• Activity
Every line of the listing belongs in your answer exactly as written; the images do not.

• Recorded information
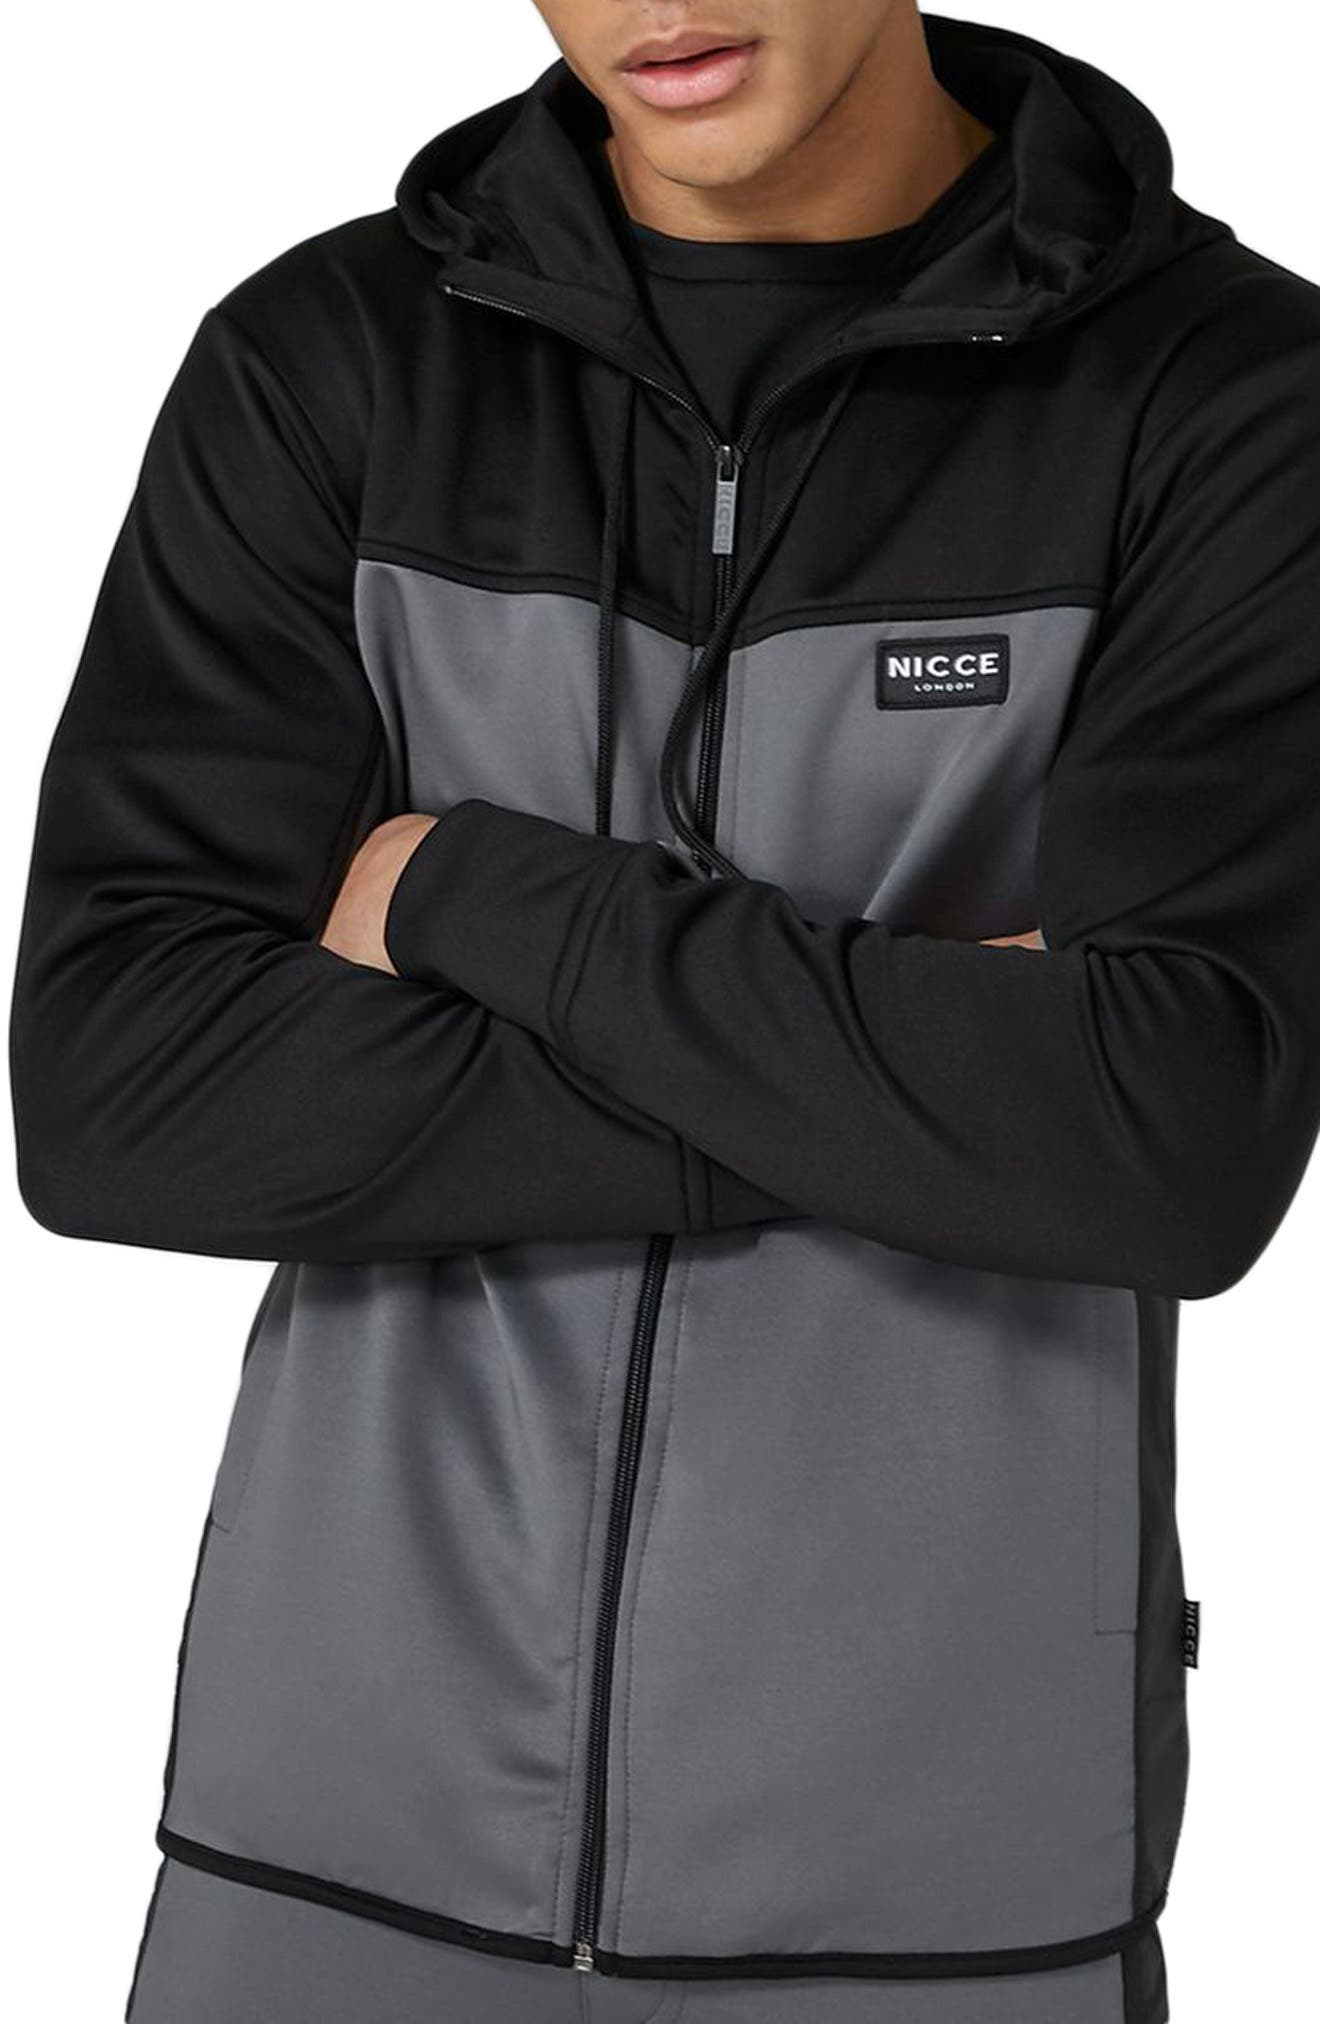 Alternate Image 1 Selected - Topshop NICCE Hybrid Track Jacket
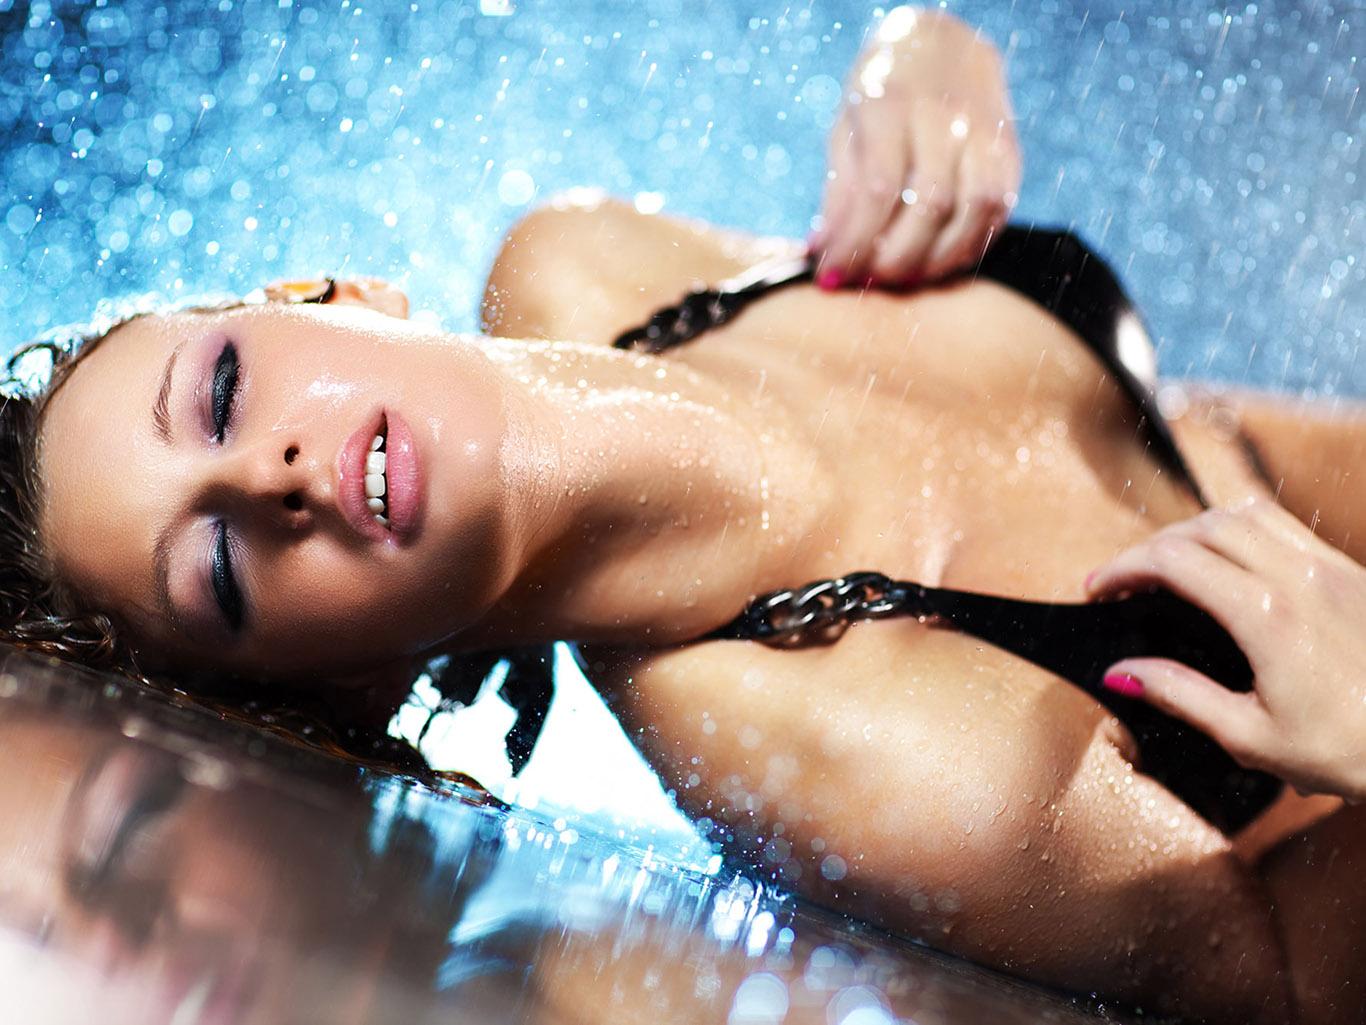 Видео порно женские выделения при оргазме 190
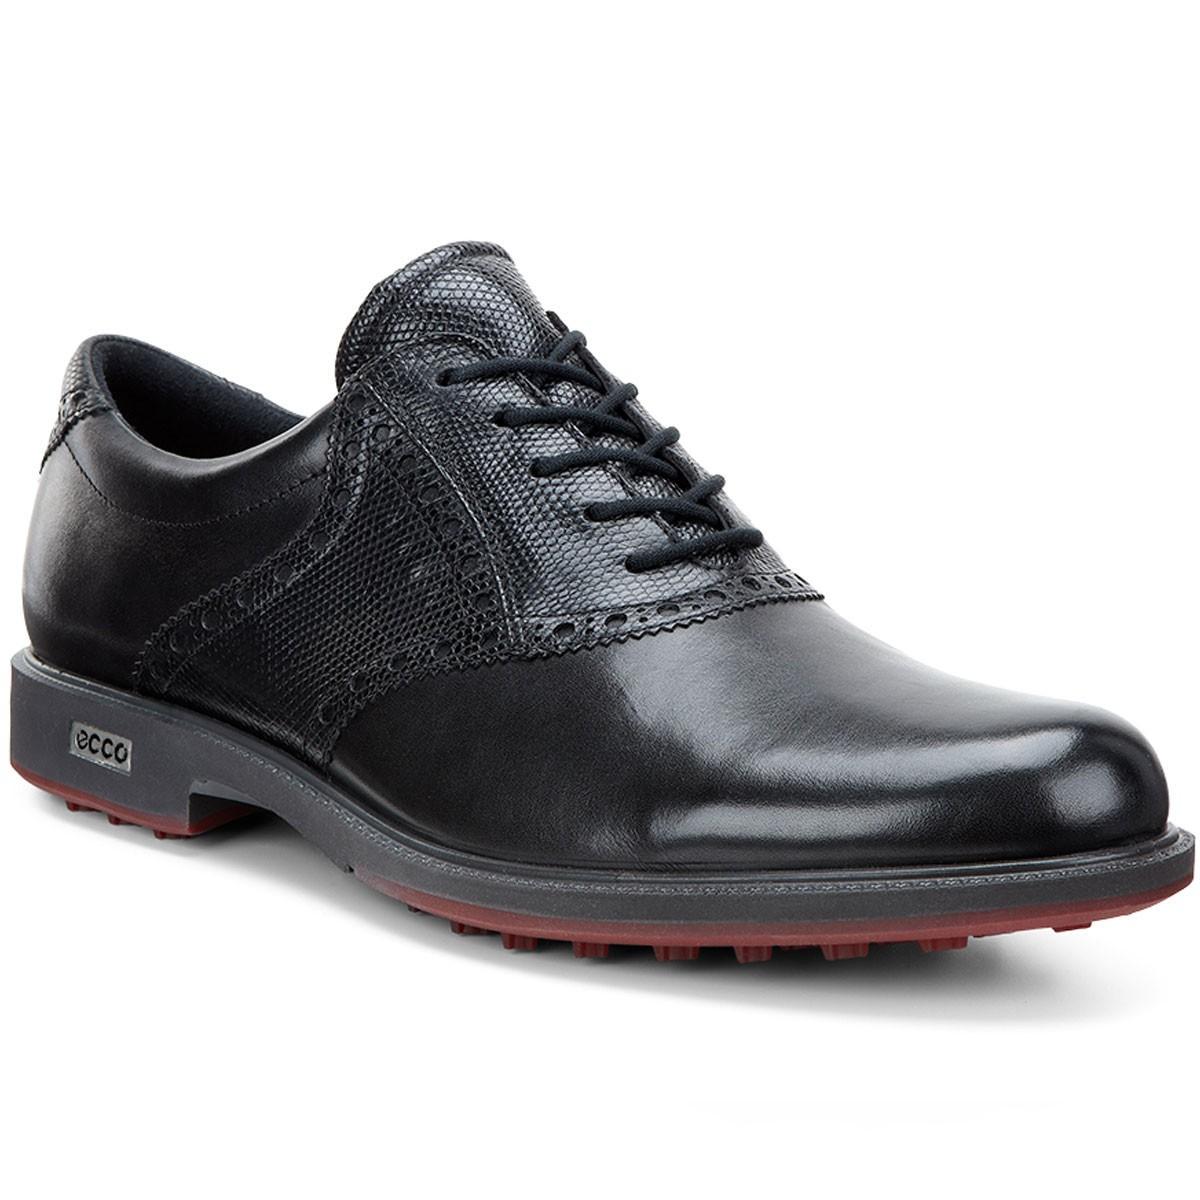 Spikeless Waterproof Golf Shoes Uk

• Result of this task
 Alternate Image 1 Selected - Topshop NICCE Hybrid Track Jacket
 Видео порно женские выделения при оргазме 190
 Spikeless Waterproof Golf Shoes Uk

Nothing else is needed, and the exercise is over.